On January 11, 2020 a number of servers used by staff to remotely check on production, development, and lab networks were compromised by miscreants using a publicly available exploit. The vendor behind the software used for this remote access had released a patch on December 17, 2019 for the critical vulnerability targeted by the intruders, and this was not applied to the bureau’s systems.
The bureau also did not immediately pick up on the intrusion, did not keep sufficient logs, did not hold a “lessons learned” session in the aftermath, and operated servers no longer supported by their supplier, the auditors said. By some miracle, we’re told, only staff accounts were tampered with, and the results of the 2020 Census were untouched.

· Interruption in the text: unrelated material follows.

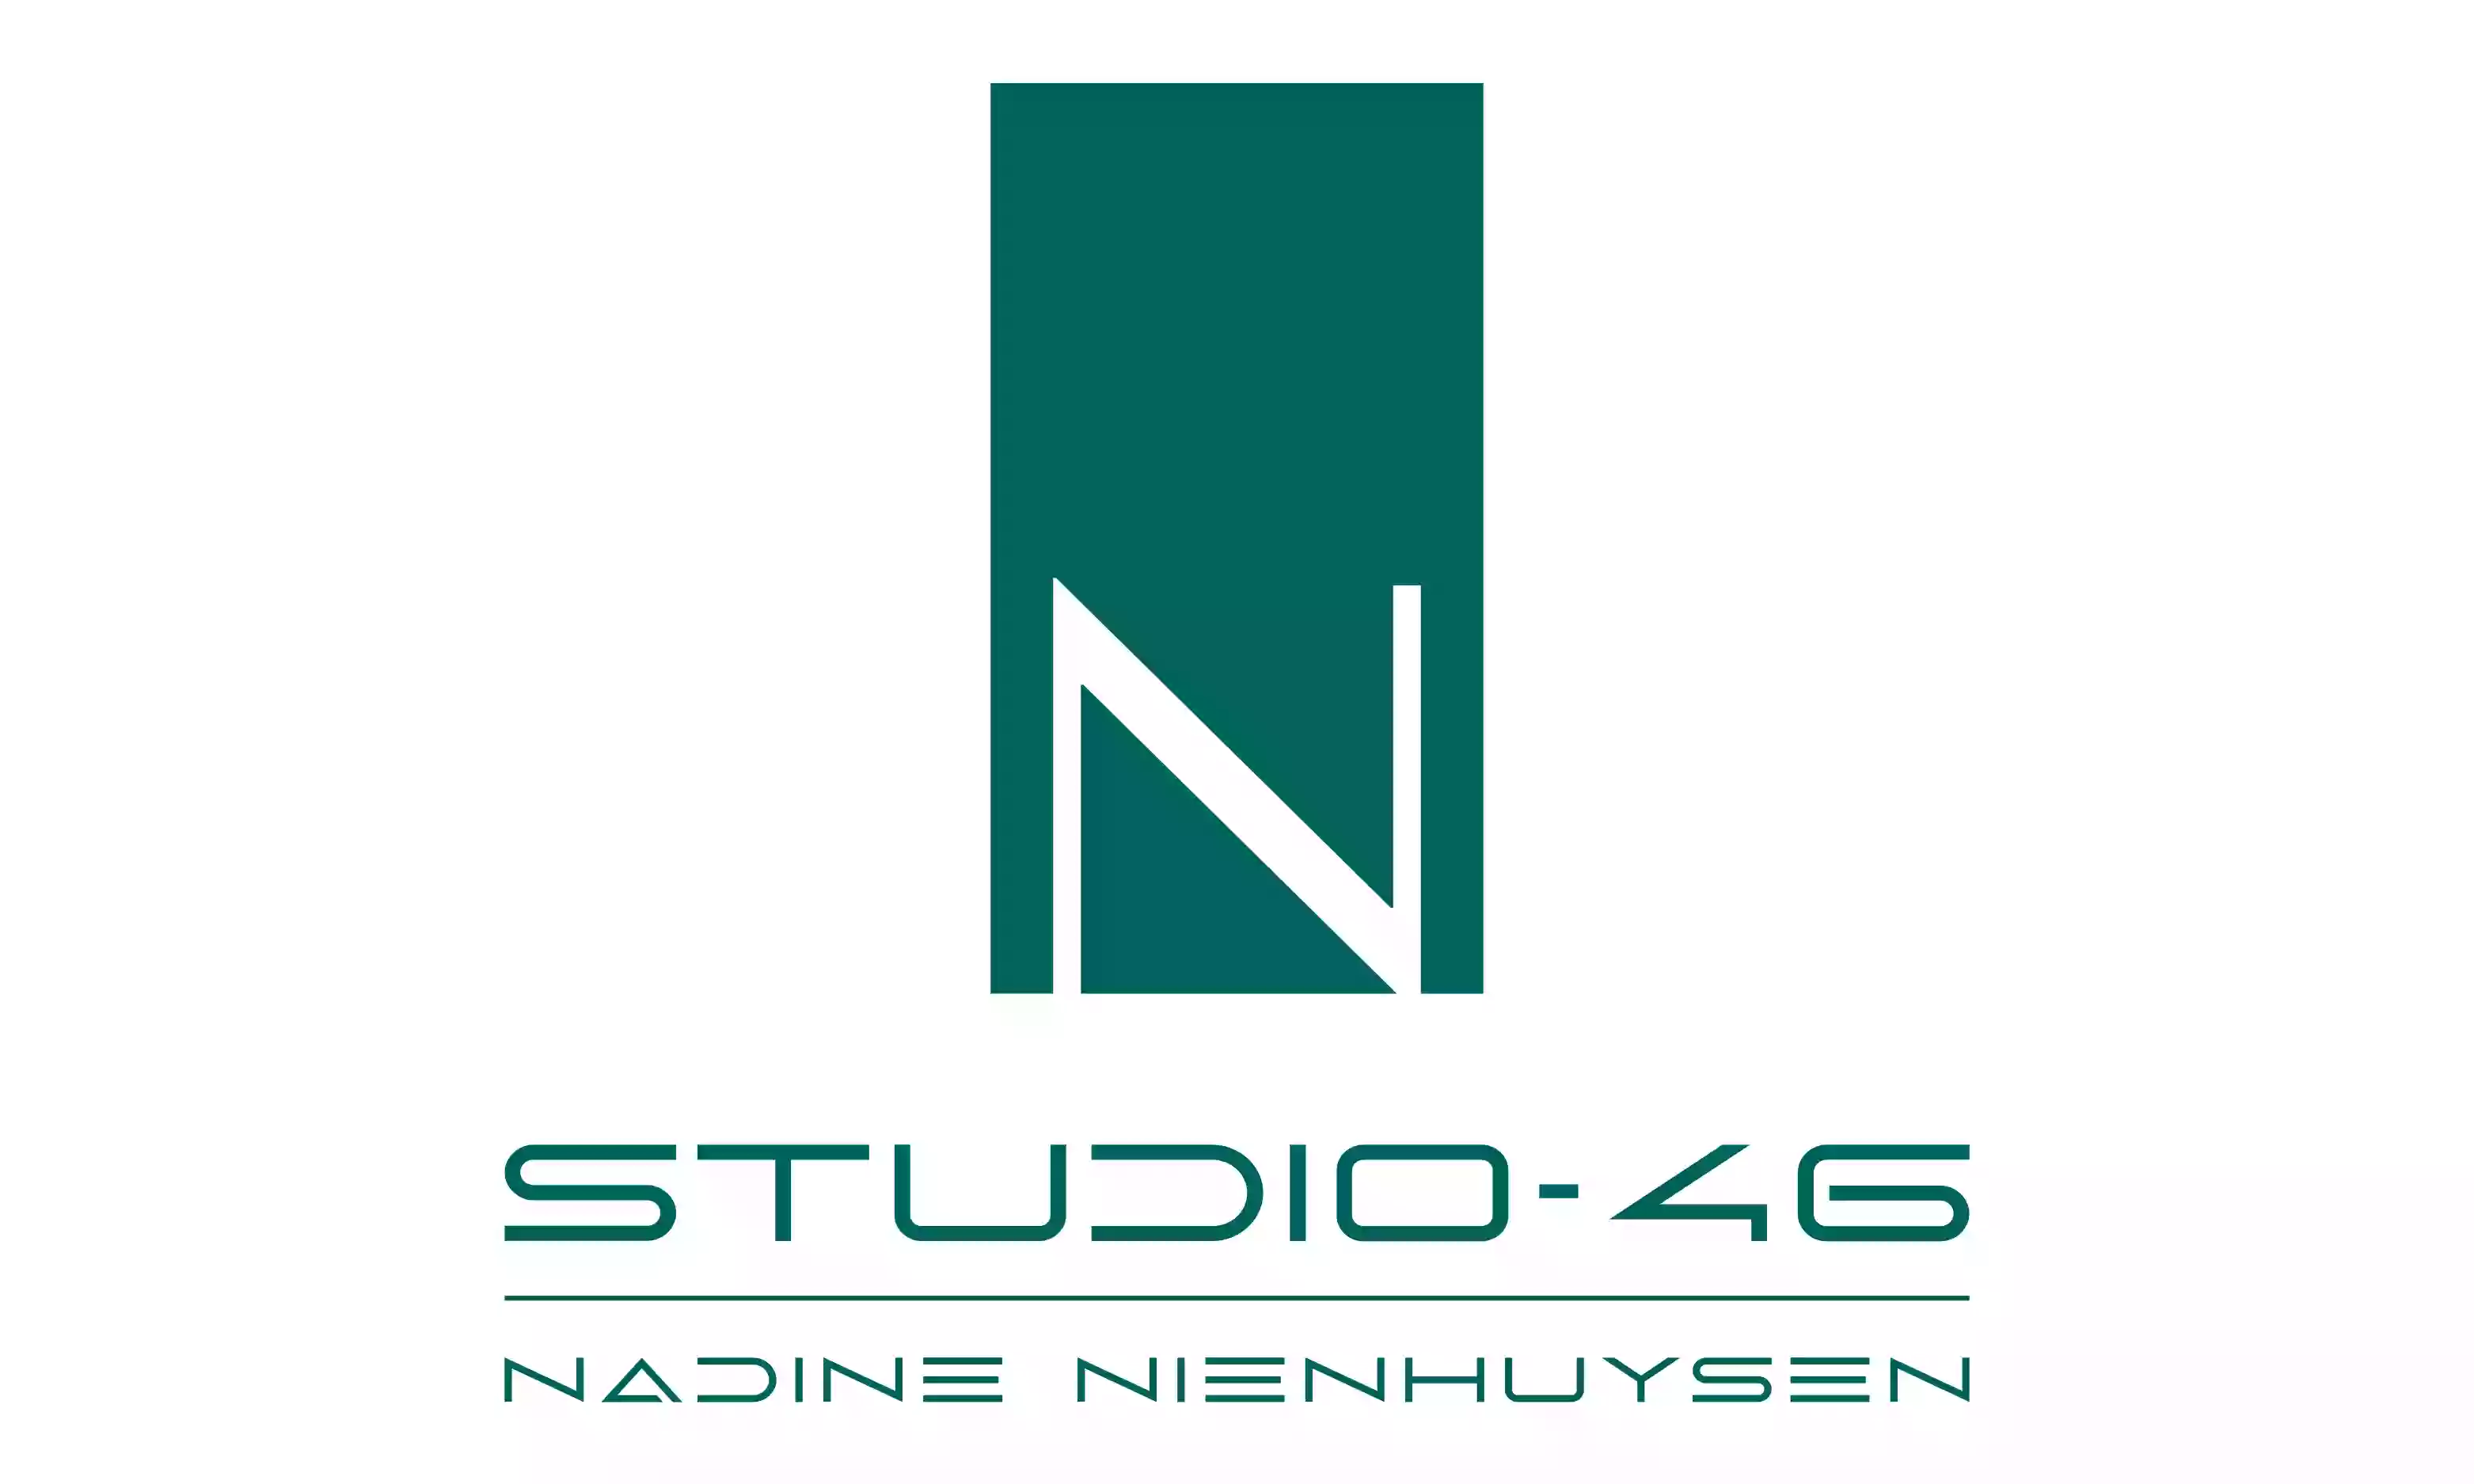 Studio-46

“The exploit was partially successful, in that the attacker modified user account data on the systems to prepare for remote code execution,” the report said. “However, the attacker’s attempts to maintain access to the system by creating a backdoor into the affected servers were unsuccessful.”

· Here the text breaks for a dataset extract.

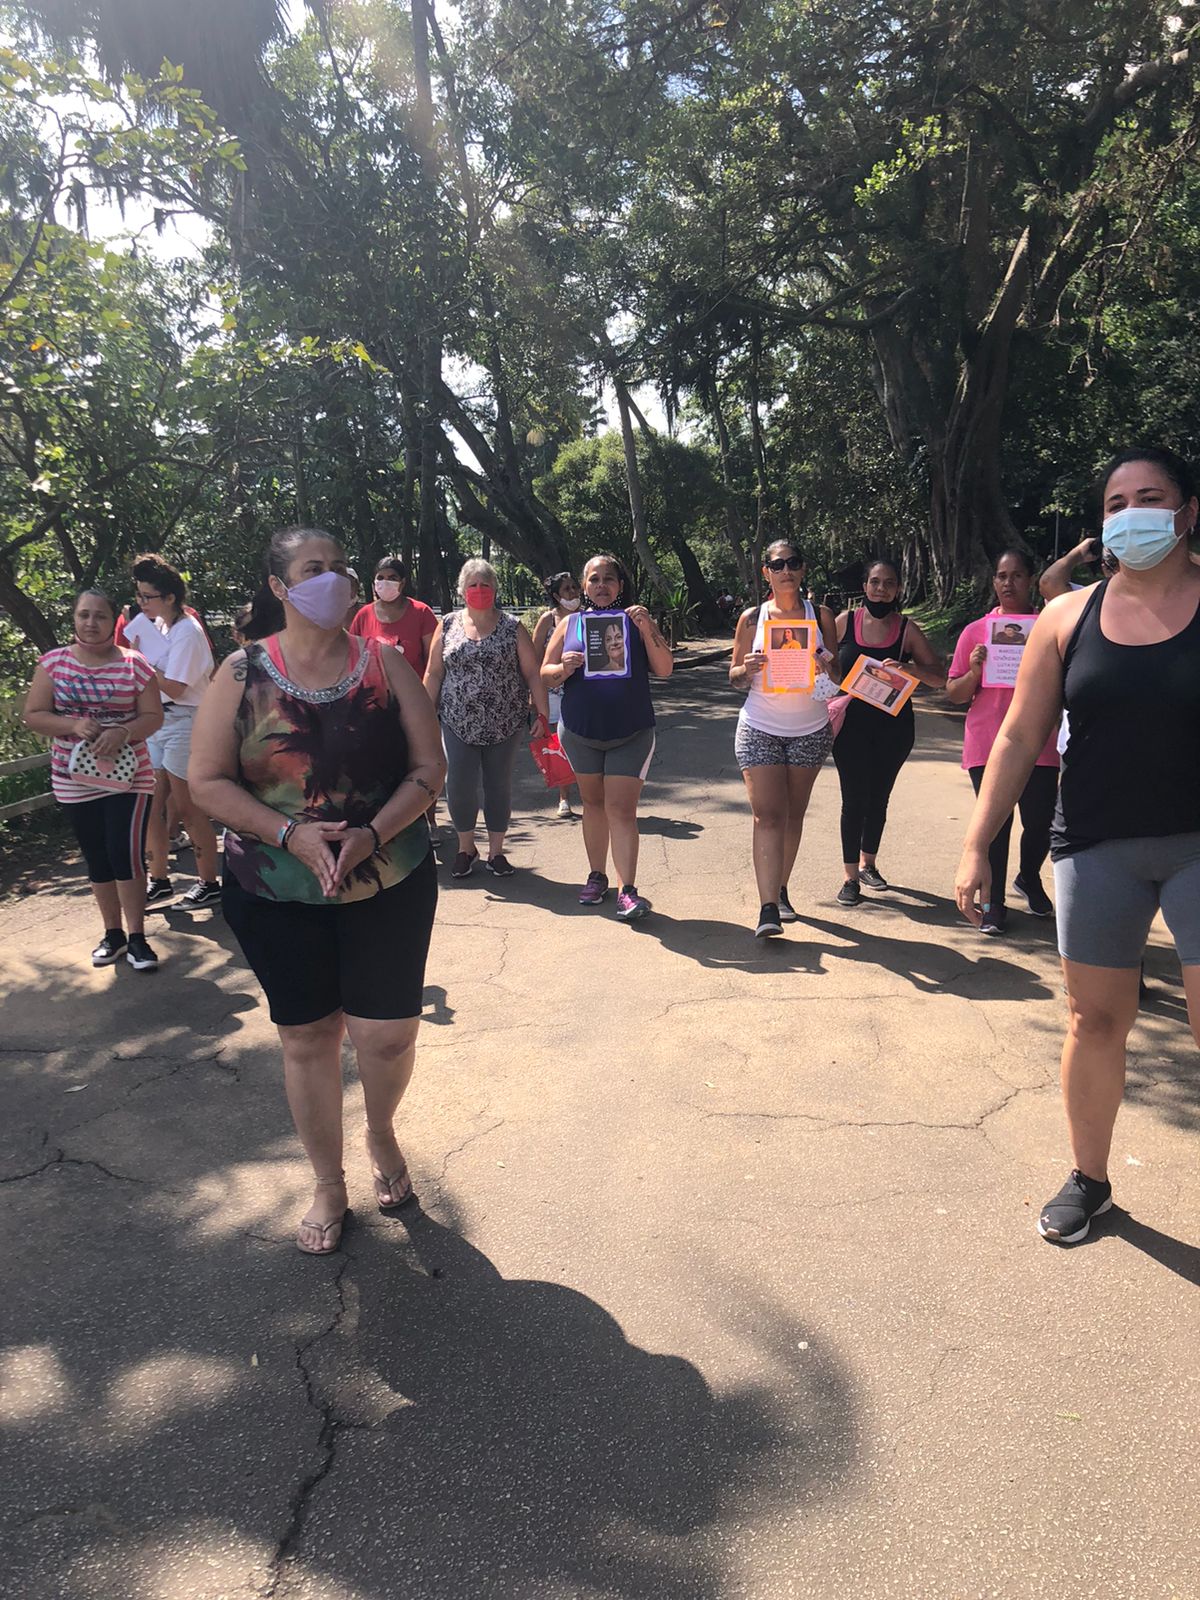 Imagem mostra mulheres caminhando no parque com cartazes em mãos, todas utilizando máscara.

The watchdog has set out a number of steps for the bureau – already regarded as a cyber-security tire fire – to take, including vulnerability scanning and procedures to alert IT staff when relevant patches are released.
Pearson fined $1m for not educating investors on security failure
Pearson will pay out $1m to settle claims it misled investors about the scale of a 2018 network intrusion.
According to America’s financial watchdog, the SEC, which announced the settlement, “Pearson made misleading statements and omissions about the 2018 data breach involving the theft of student data and administrator log-in credentials of 13,000 school, district and university customer accounts.”
“Pearson opted not to disclose this breach to investors until it was contacted by the media, and even then Pearson understated the nature and scope of the incident, and overstated the company’s data protections,” said Kristina Littman, chief of the SEC Enforcement Division’s Cyber Unit. “As public companies face the growing threat of cyber intrusions, they must provide accurate information to investors about material cyber incidents.”
The British educational publisher agreed to pay a million-dollar penalty to the SEC, and pinky-swore not to screw up like this again.
Princeton prof warns Apple over CSAM scanning – we’ve been there, don’t
The ongoing storm over Apple’s plans to scan iCloud uploads and Messenger for child sex abuse material intensified on Thursday when Princeton Professor Jonathan Meyer and PhD student Anunay Kulshrestha said they had already built such a system, and then abandoned it.
Two years ago they began researching a very similar system to Apple’s, scanning for known images and generating alerts. But after building a working prototype they realized that the implications of such a system for censorship were huge, since any file could be submitted by government officials for monitoring and surveillance of people’s activities and interests.
“We were so disturbed that we took a step we hadn’t seen before in computer-science literature: we warned against our own system design, urging further research on how to mitigate the serious downsides,” they wrote. “We’d planned to discuss paths forward at an academic conference this month.”
The boffins accused Apple of gambling with netizens’ futures by hoping that governments will not be able to wield the system for nefarious purposes. Apple has said it will not bow to demands to add non-CSAM images to its database. By the way, Apple has been scanning iCloud Mail for CSAM since 2019.
So, about that …
According to a Citizen Lab report this month, you can already see the effect of Apple’s censorship in China spreading beyond the Middle Kingdom. Apple complies with Beijing’s demands and censors some content in China, saying it complies with the laws in the countries it operates. Citizen Lab found that the same censorship policies were emerging elsewhere.
“We found that part of Apple’s mainland China political censorship bleeds into both Hong Kong and Taiwan,” the team’s report stated. “Much of this censorship exceeds Apple’s legal obligations in Hong Kong, and we are aware of no legal justification for the political censorship of content in Taiwan.”